→ PROBLEM DETAILS: All lines in the records below from the line with "BiltokiRS-copie-29" through the line with "708c183b4db Lyst - Vans" are to be given again exactly, both ends included; the pictures are to be left out.

[[ THE INPUT open ]]

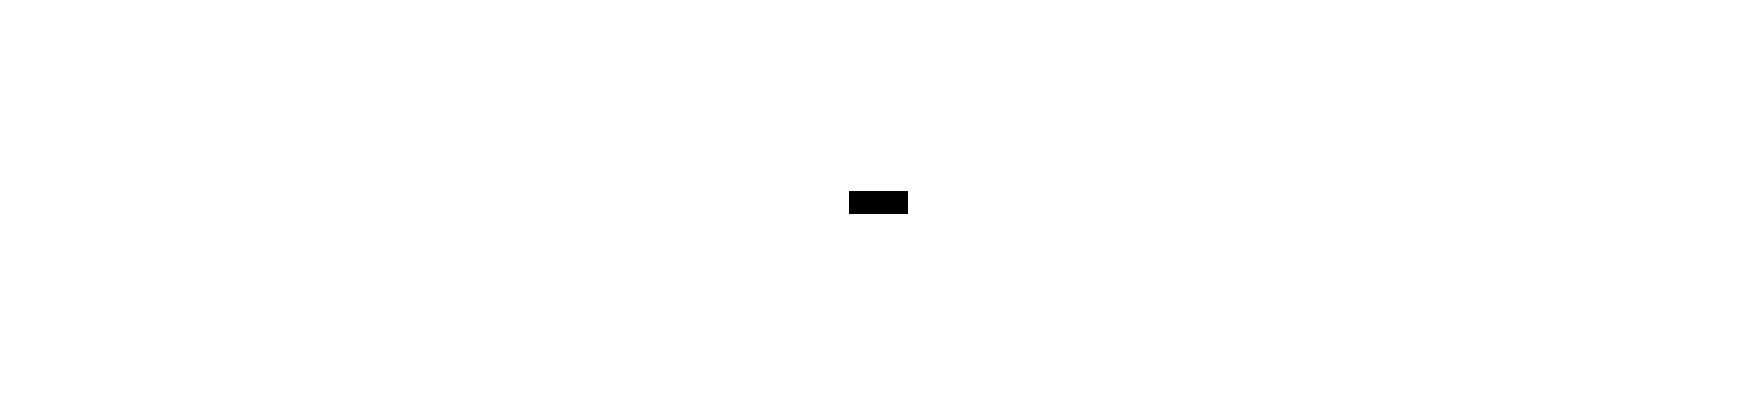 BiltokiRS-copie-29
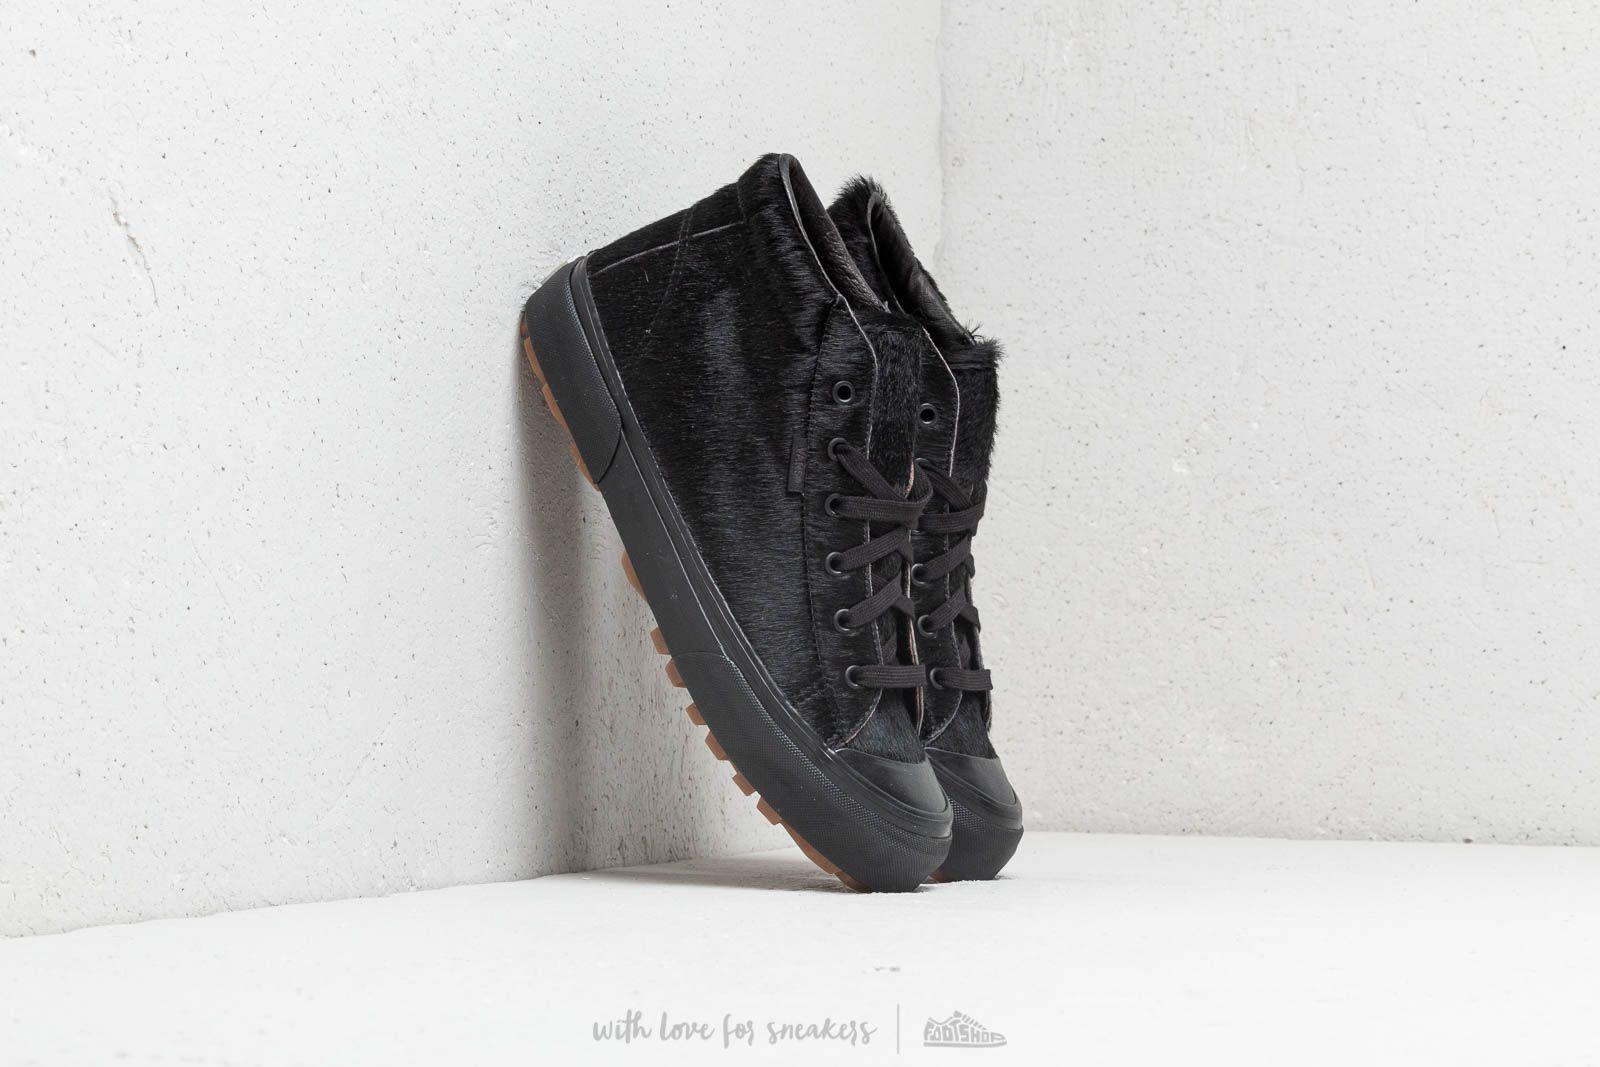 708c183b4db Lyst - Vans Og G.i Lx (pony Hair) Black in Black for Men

[[ THE INPUT closed ]]
[[ THE INPUT open ]]

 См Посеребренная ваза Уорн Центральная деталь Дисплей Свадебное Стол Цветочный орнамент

[[ THE INPUT closed ]]

→ RESPONSE TO THIS TASK:
 BiltokiRS-copie-29
 708c183b4db Lyst - Vans Og G.i Lx (pony Hair) Black in Black for Men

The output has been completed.